Небеса, озера и реки еще блистали неистовой летней лазурью, но леса уже порыжели, а на вершинах гор сверкал снег. Постоялый двор Борго-Сан-Пьетро - груда глины и сухих камней - притаился в пихтовом бору за деревней. Беатриче и старуха тотчас заметили карету под деревьями. В низком зале, за грубо обтесанным столом их ждала Коломба. Точно такая же, какой ее видела сквозь дурман антидота Беатриче: с агатовыми четками того же оливкового оттенка, что и шелковое платье, с каштановыми волосами, выбивавшимися из-под чепца в виде сердечка, в ниспадавшем фонтанной волной креповом покрывале. Не говоря ни слова, Джеронима поставила корзину на стол и ушла.

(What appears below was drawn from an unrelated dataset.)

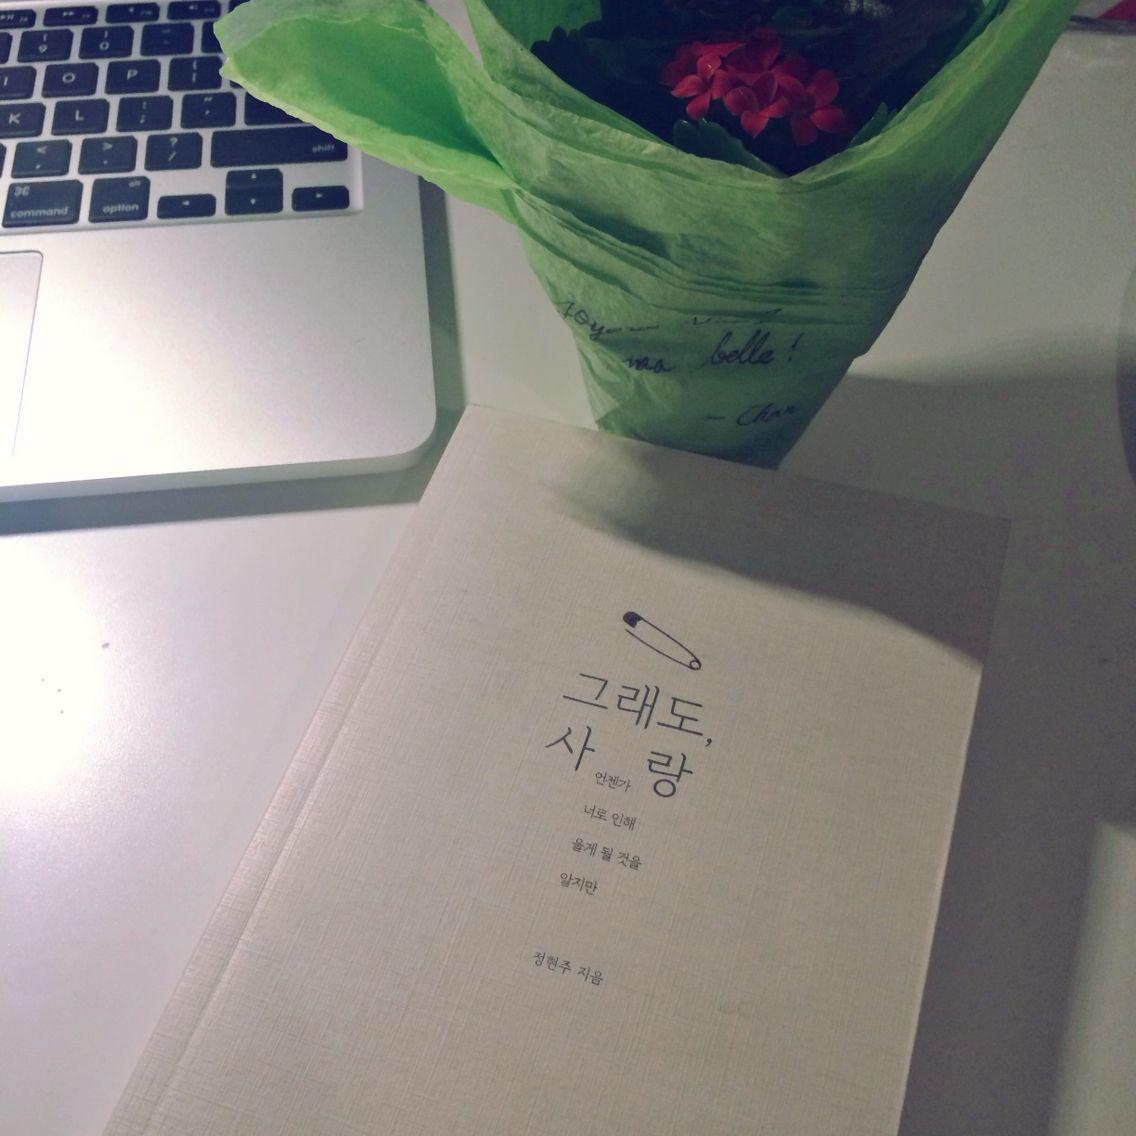 <2016/01/06> 그의 집에서 가져온 책이다. 하지만 이 책을 읽으며 그 보다 제이를 더 그리게 됐다. 그는 종종 내가 그토록 사랑하는 싱가포르에 함께 가자고 말하곤 한다. 제이가 있는 싱가에...이 지독한 놈을 정말 훌훌 털어 버릴 때쯤 그의 손을 잡고 이스트 코스트 해변을 함께 걷고 싶다. 3년 전. 2년 전. 1년 전. 제이로 힘들때마다 혼자 걷고 또 걷던 그 길을 그와 함께 다시 걷길 바란다// 사랑은 매번 힘들지만. 나는 이렇게 또 다시 그 힘듬걸 시작하려 한다//그래서 이 책 제목도 (그래도,사랑) 인가보다.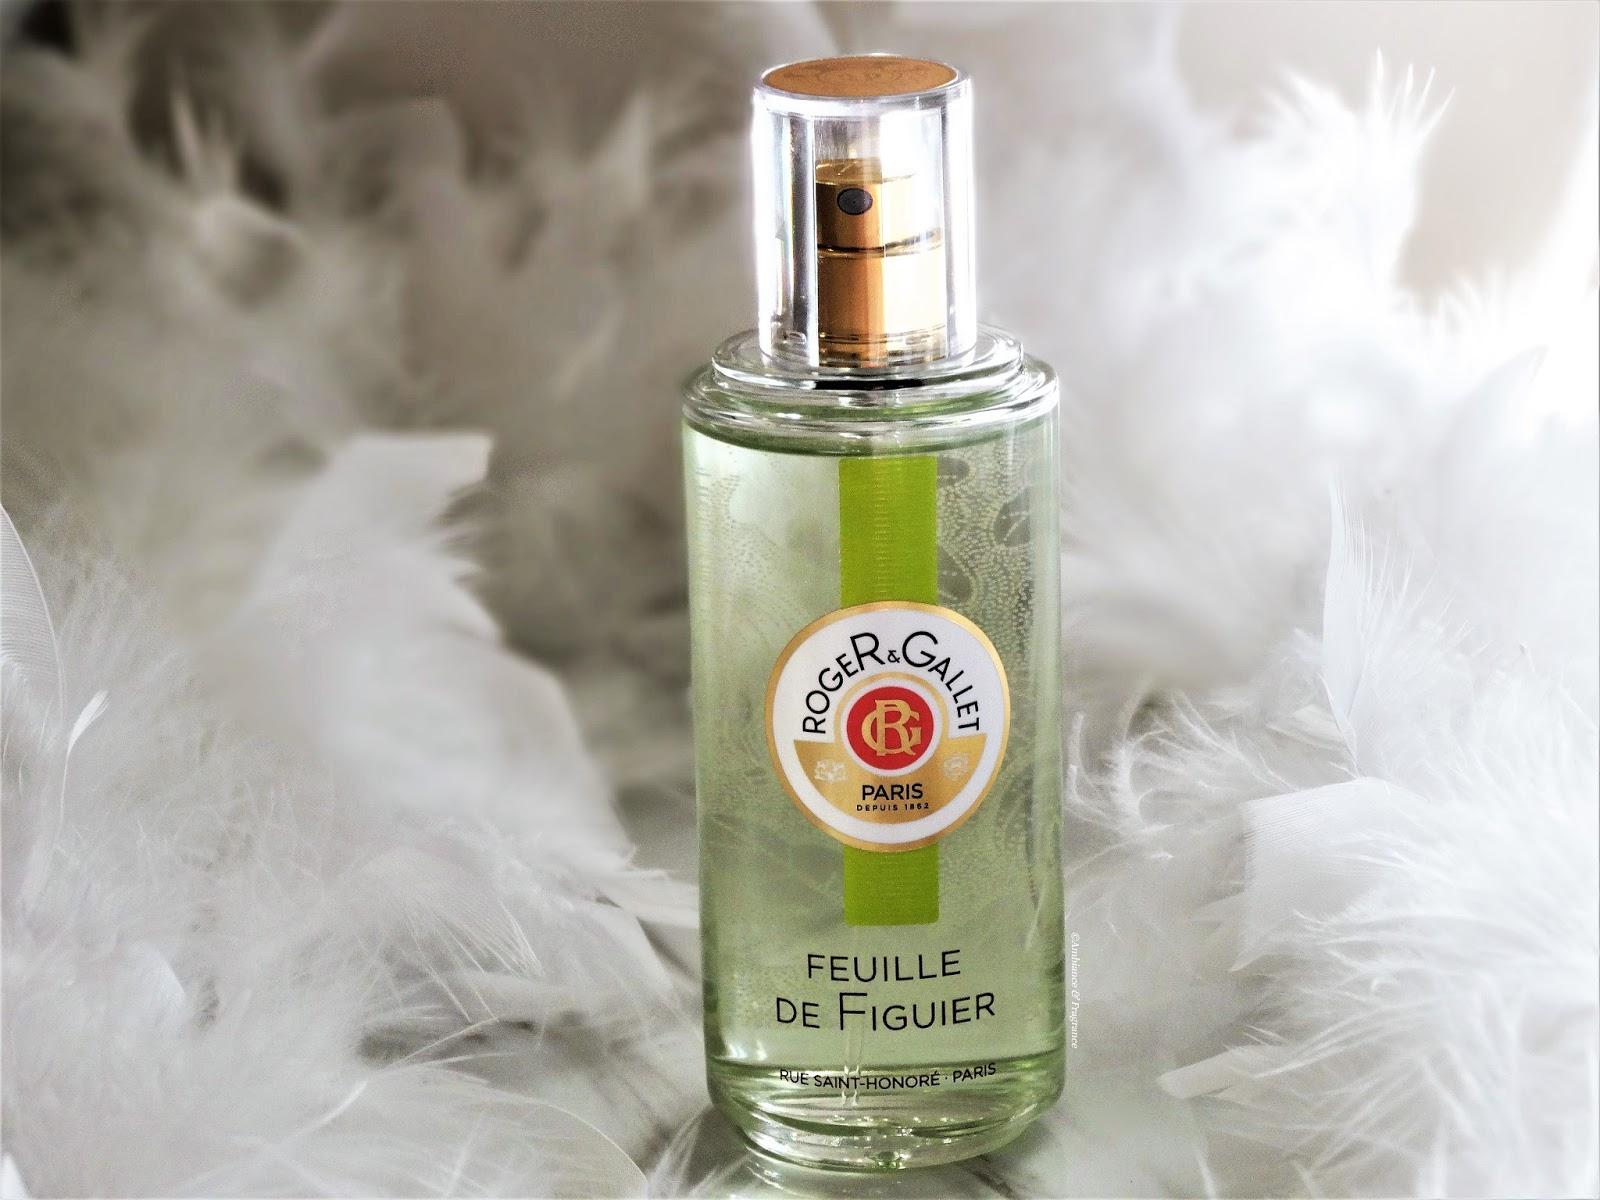 feuille de figuier de roger gallet ambiance et fragrance blog beaut parfum bougie parfum e. Black Bedroom Furniture Sets. Home Design Ideas

Они молча постояли друг против друга, затем взялись за руки и очень крепко их сжали. Беатриче высвободилась первой. Когда она развернулась и направилась к двери, уголки рта задрожали. В дверном проеме виднелись лишь пихты да куча щебня, будто ничего другого там никогда и не было.
Коломба склонилась над корзиной, и ребенок открыл глаза. Они были темно-винного цвета.
В день святой Луции, в час вечерни, послышался стук дерева, лязг железа и цепей, удары бича, крики и чертыханья: это вернулся дон Франческо. Ловко проникавший повсюду Доменико Стелла проявил все свои таланты для приумножения имущества Ченчи, и в начале года дон Франческо даже смог подарить своей дочери Лавинии роскошный экипаж. Тогда он задумался о приобретении замка в Монферрато, но, поразмыслив, решил все же вернуться в Петреллу, где чувствовал себя в большей безопасности.
Теперь у него из-за бледной спирохеты заплыл глаз, выпали ресницы, а на веках выступило розоватое сало. Дон Франческо не только не излечился от чесотки, но вдобавок подцепил анальный грибок и стал чесаться пуще прежнего.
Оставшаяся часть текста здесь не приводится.